Where you could describe as much or as little about new subjects and their relations to other subjects as is necessary for an expert audience to continue to fill in any gaps.

I’m not qualified to venture an opinion on the conjecture or Mochizuki’s proof but the problem of mapping from new terminology that has its own context back to “standard” terminology is a problem uniquely suited to topic maps.

Going Viral in 2016

Tuesday, December 29th, 2015

How To Go Viral: Lessons From The Most Shared Content of 2015 by Steve Rayson.

I offer this as at least as amusing as it may be useful.

The topic element of a viral post is said to include:

Trending topic (e.g. Zombies), Health & fitness, Cats & Dogs, Babies, Long Life, Love

Hard to get any of those in with technical blog but I could try:

TM’s produce healthy and fit ED-free 90 year-old bi-sexuals with dogs & cats as pets who love all non-Zombies.
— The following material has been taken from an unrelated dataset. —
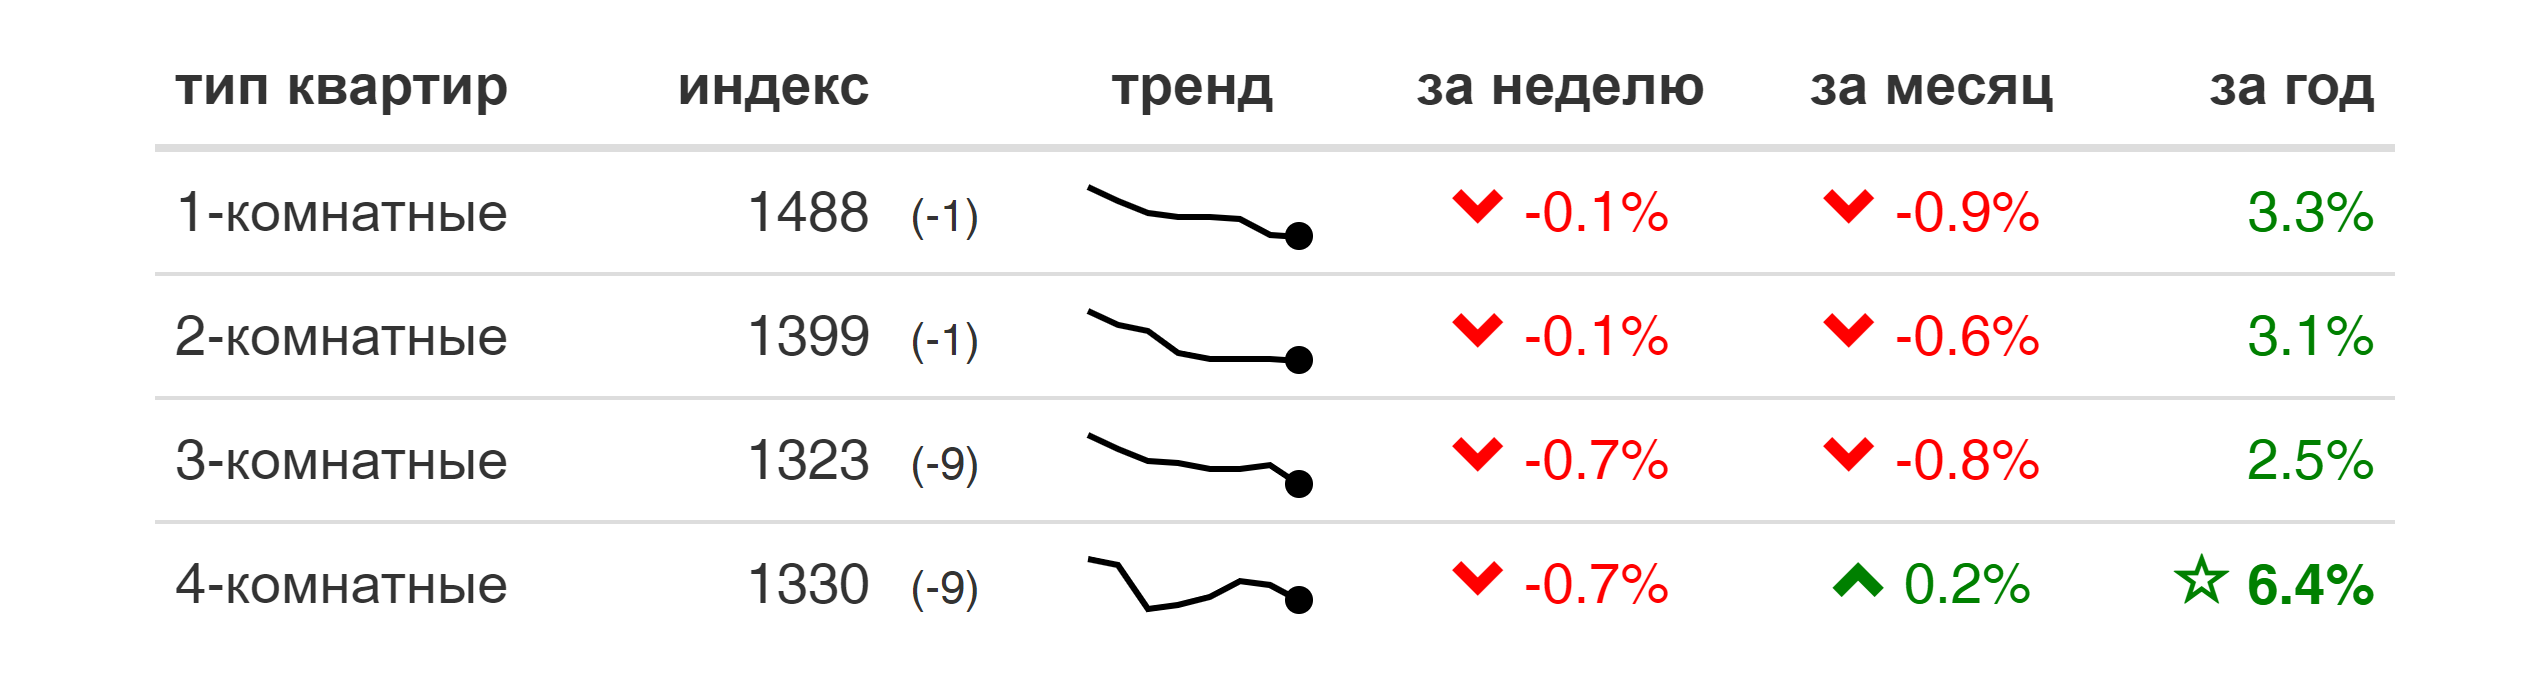 Мониторинг цен предложения квартир в Минске за 29 июня — 6 июля 2020 года

That’s 115 characters if you are counting.

Produce random variations on that until I find one that goes viral. 😉

But, I have never cared for click-bait or false advertising. Personally I find it insulting when marketers falsify research.

I may have to document some of those cases in 2016. There is no shortage of it.

None of my tweets may go viral in 2016 but Steve’s post will make it more likely they will be re-tweeted.

Feel free to re-use my suggested tweet as I am fairly certain that “…healthy and fit ED-free 90 year-old bi-sexuals…” is in the public domain.